Work instructions: Without the pictures, restate all of the data below word for word.

Dataset extract:

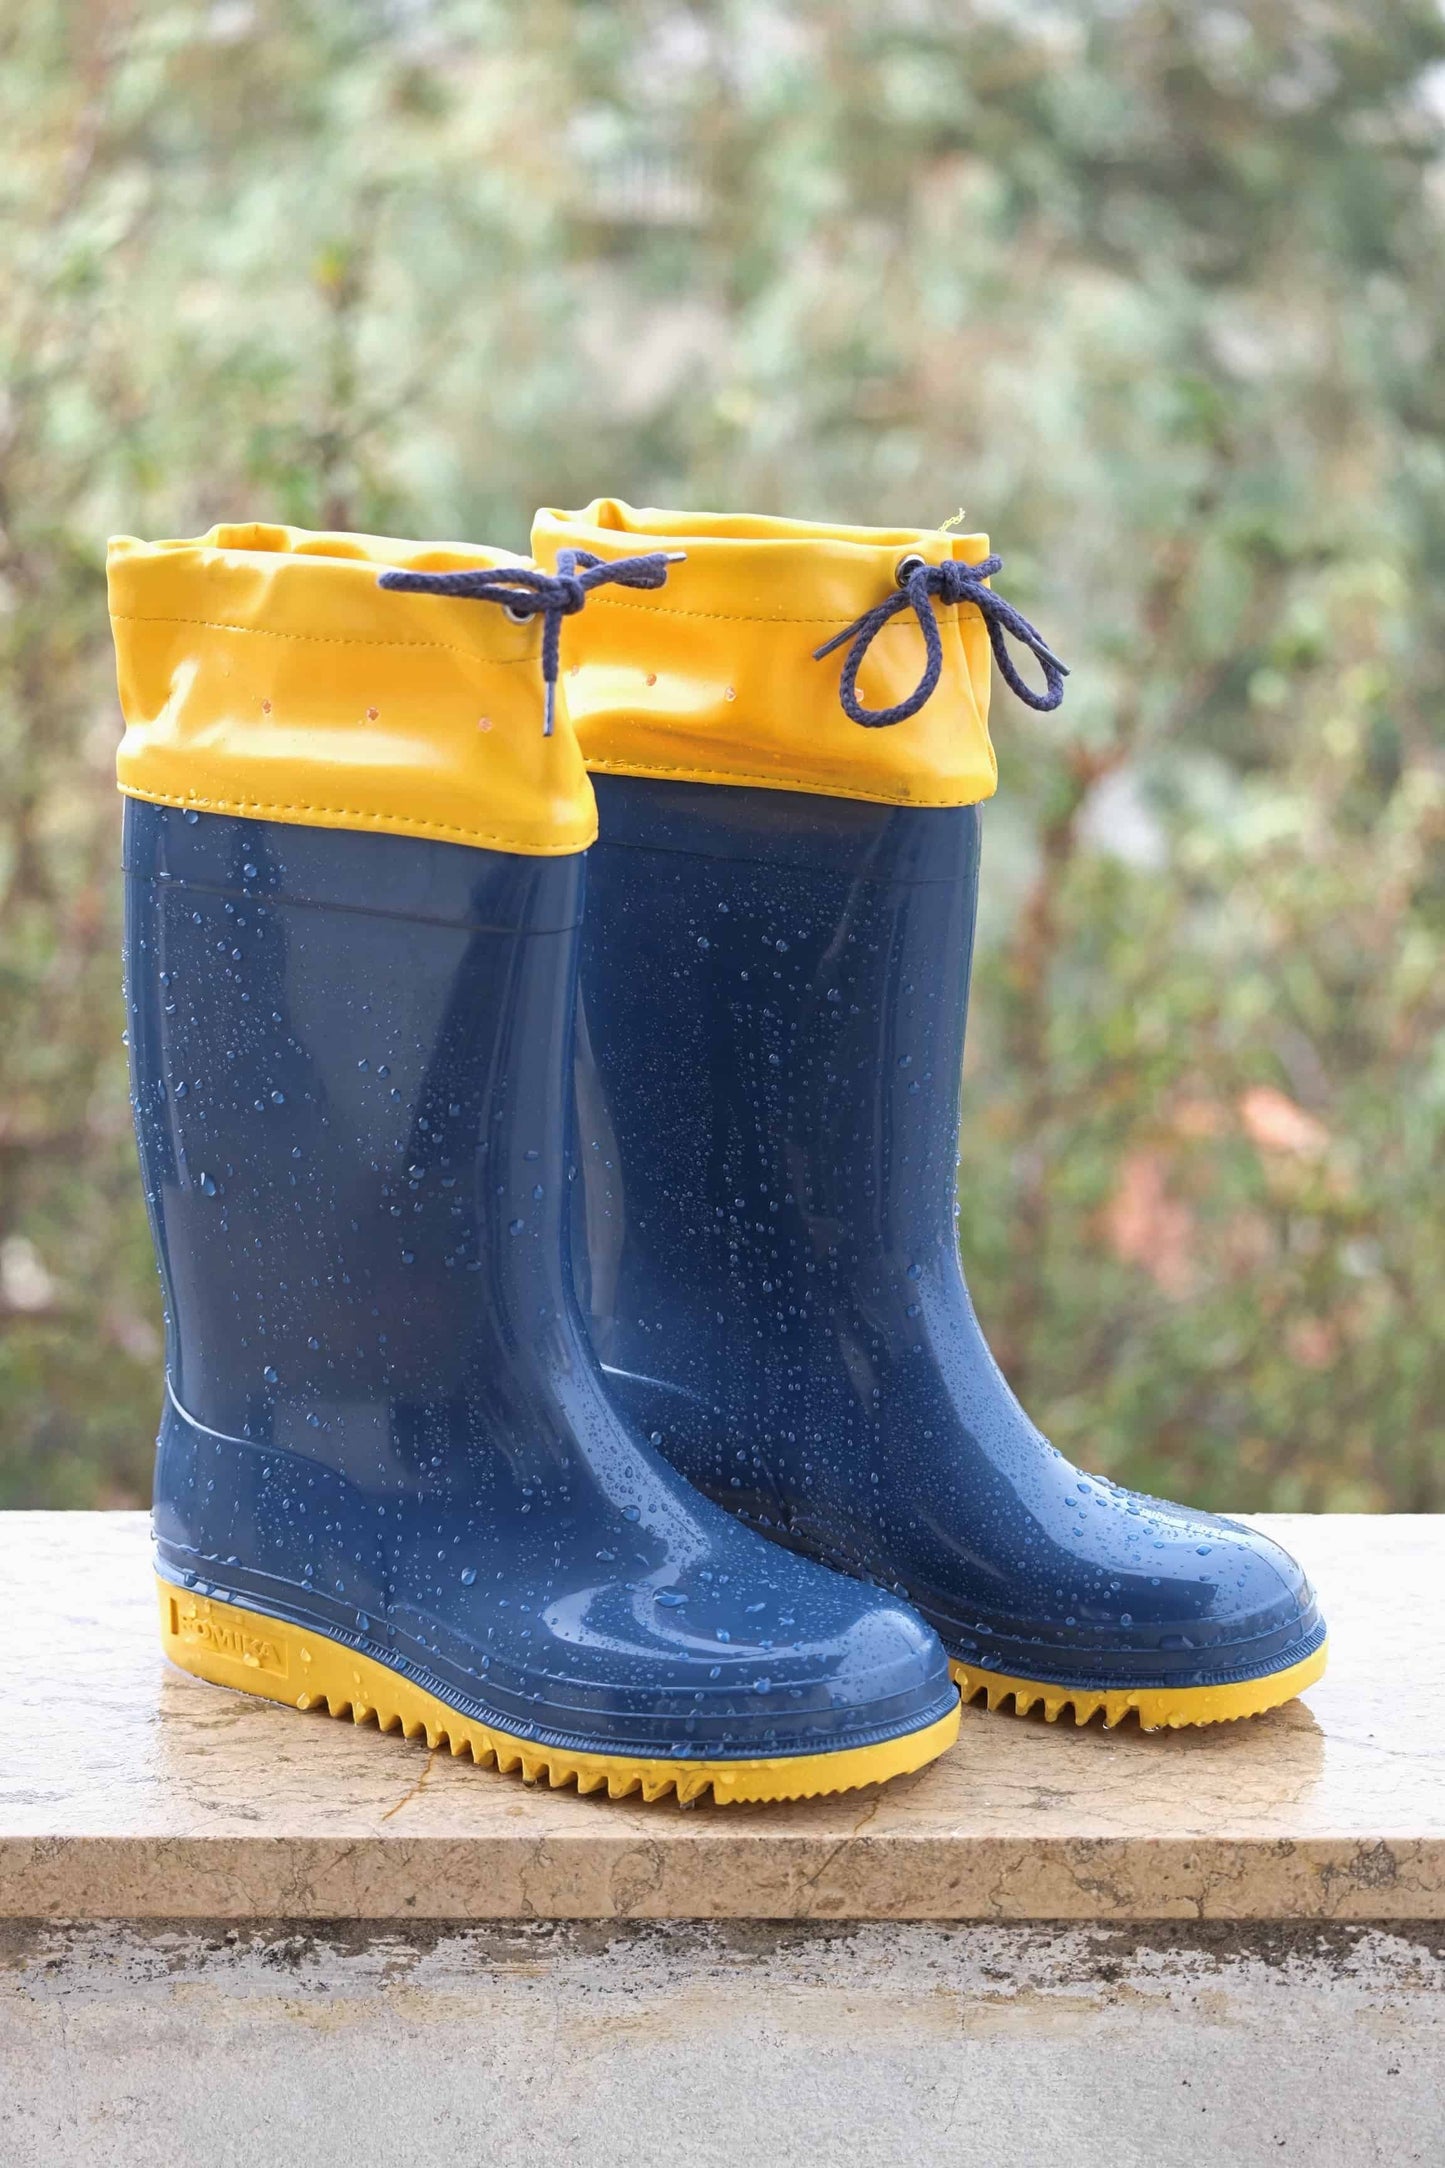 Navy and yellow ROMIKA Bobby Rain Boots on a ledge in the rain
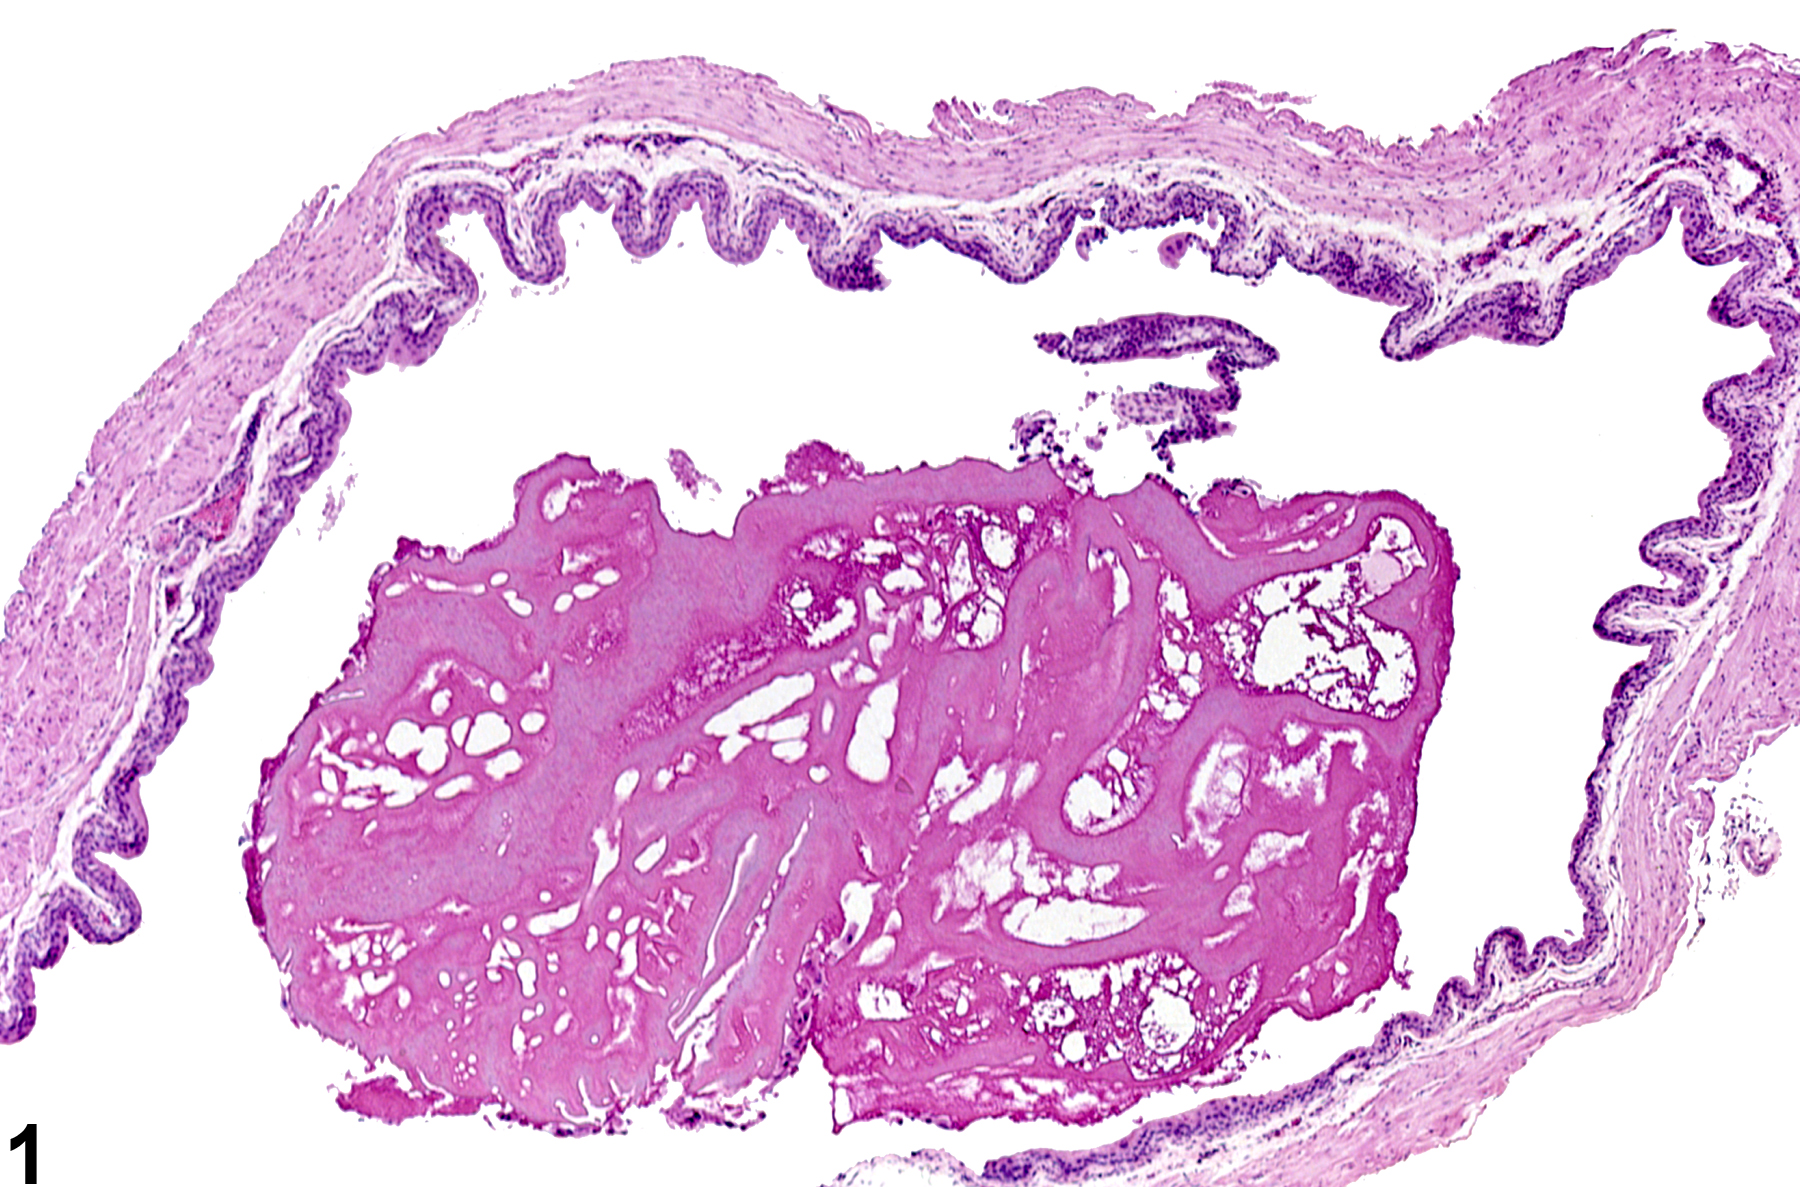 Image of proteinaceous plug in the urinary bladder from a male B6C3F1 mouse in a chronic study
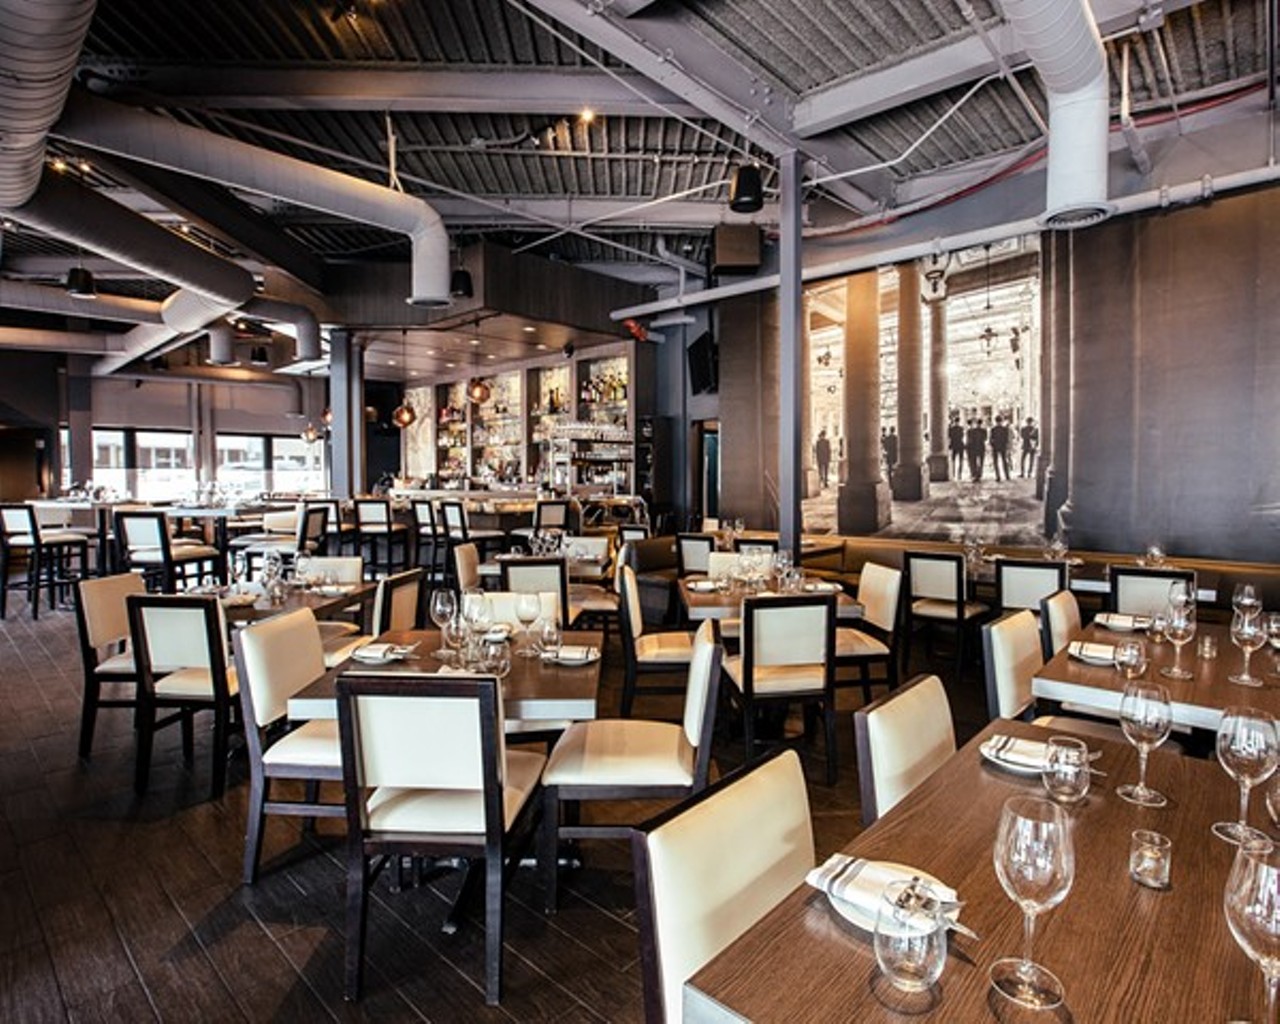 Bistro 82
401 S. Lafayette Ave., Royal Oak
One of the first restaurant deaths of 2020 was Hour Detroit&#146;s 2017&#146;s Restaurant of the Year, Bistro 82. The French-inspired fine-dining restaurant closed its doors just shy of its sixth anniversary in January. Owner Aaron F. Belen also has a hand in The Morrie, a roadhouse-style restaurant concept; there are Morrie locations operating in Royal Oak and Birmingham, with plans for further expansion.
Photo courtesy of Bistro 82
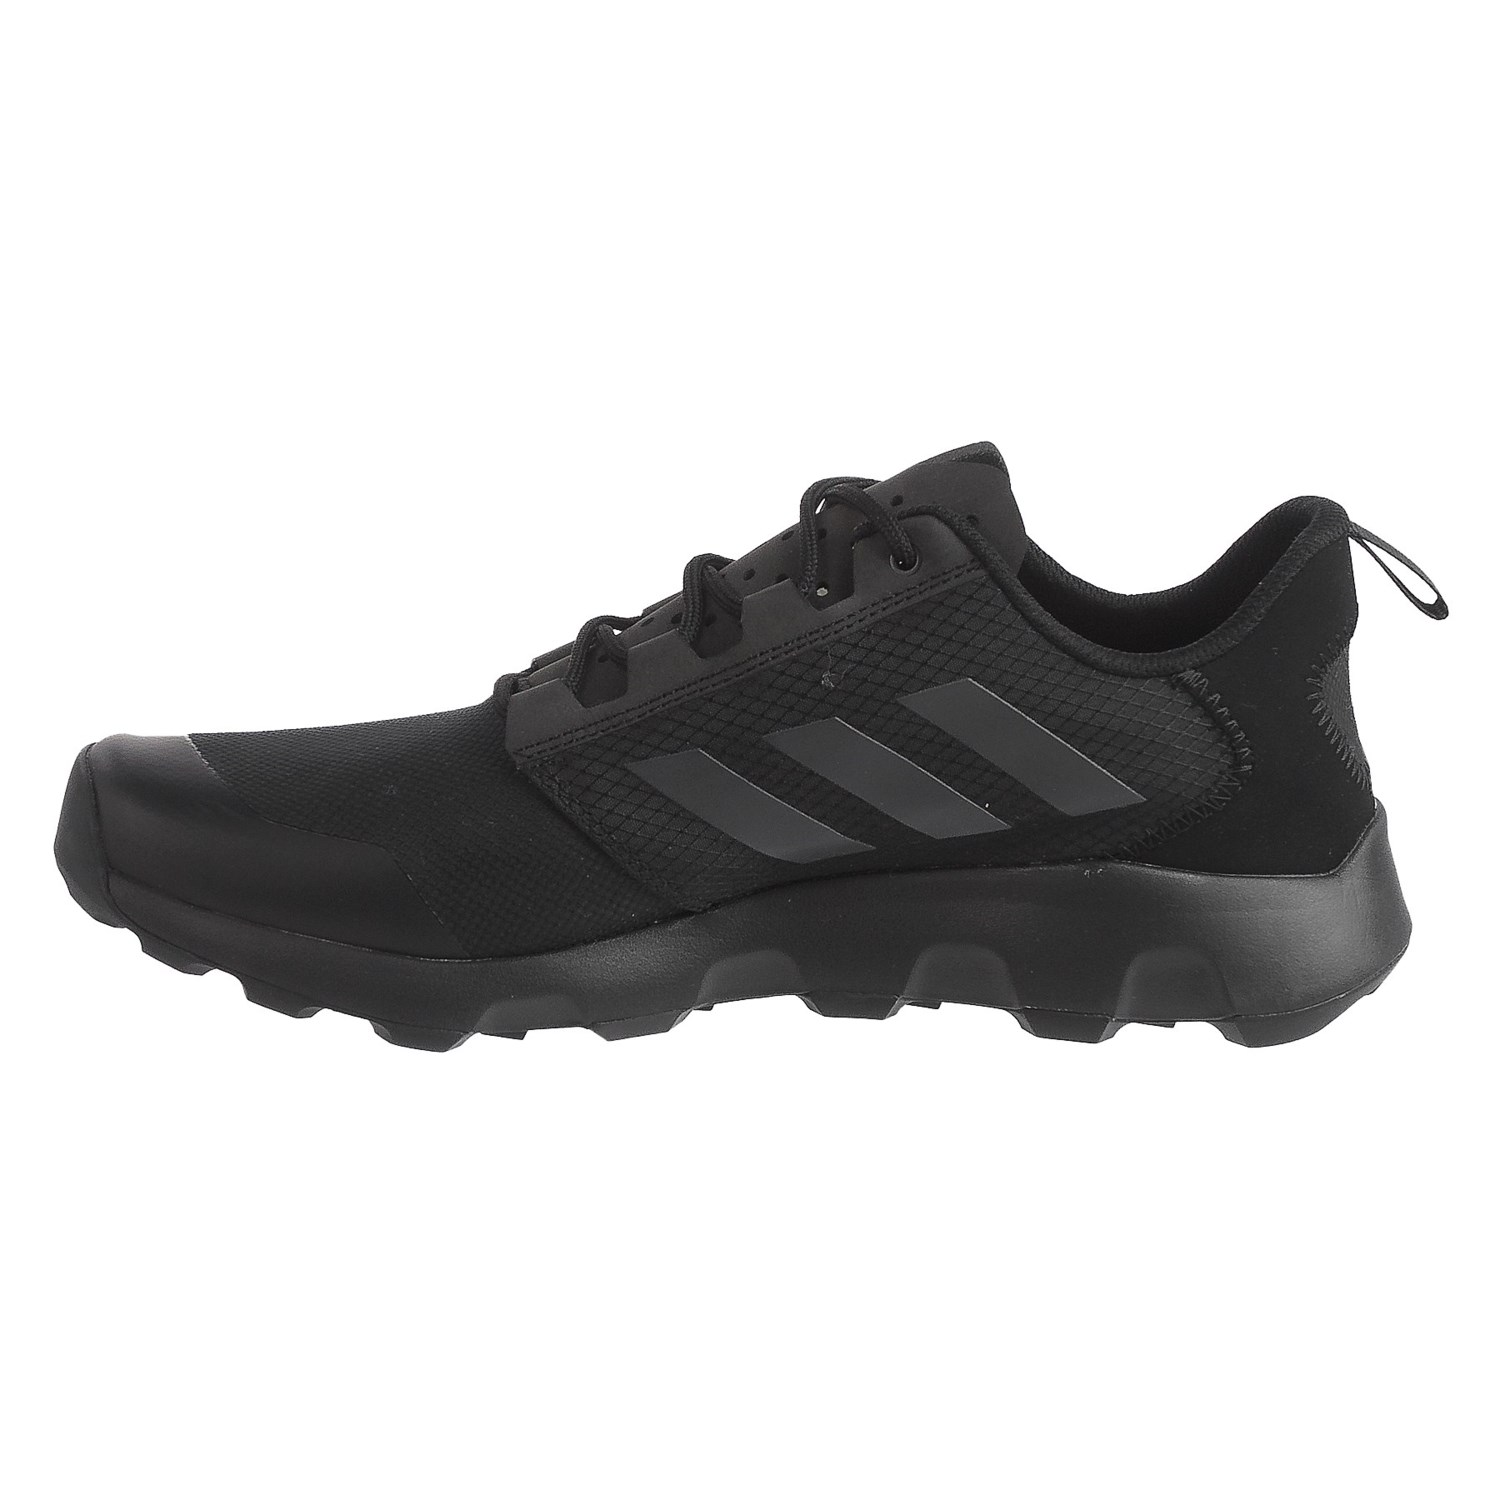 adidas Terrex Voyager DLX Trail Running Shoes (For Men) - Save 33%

Output below:
 Navy and yellow ROMIKA Bobby Rain Boots on a ledge in the rain
 Image of proteinaceous plug in the urinary bladder from a male B6C3F1 mouse in a chronic study
 Bistro 82
401 S. Lafayette Ave., Royal Oak
One of the first restaurant deaths of 2020 was Hour Detroit&#146;s 2017&#146;s Restaurant of the Year, Bistro 82. The French-inspired fine-dining restaurant closed its doors just shy of its sixth anniversary in January. Owner Aaron F. Belen also has a hand in The Morrie, a roadhouse-style restaurant concept; there are Morrie locations operating in Royal Oak and Birmingham, with plans for further expansion.
Photo courtesy of Bistro 82
 adidas Terrex Voyager DLX Trail Running Shoes (For Men) - Save 33%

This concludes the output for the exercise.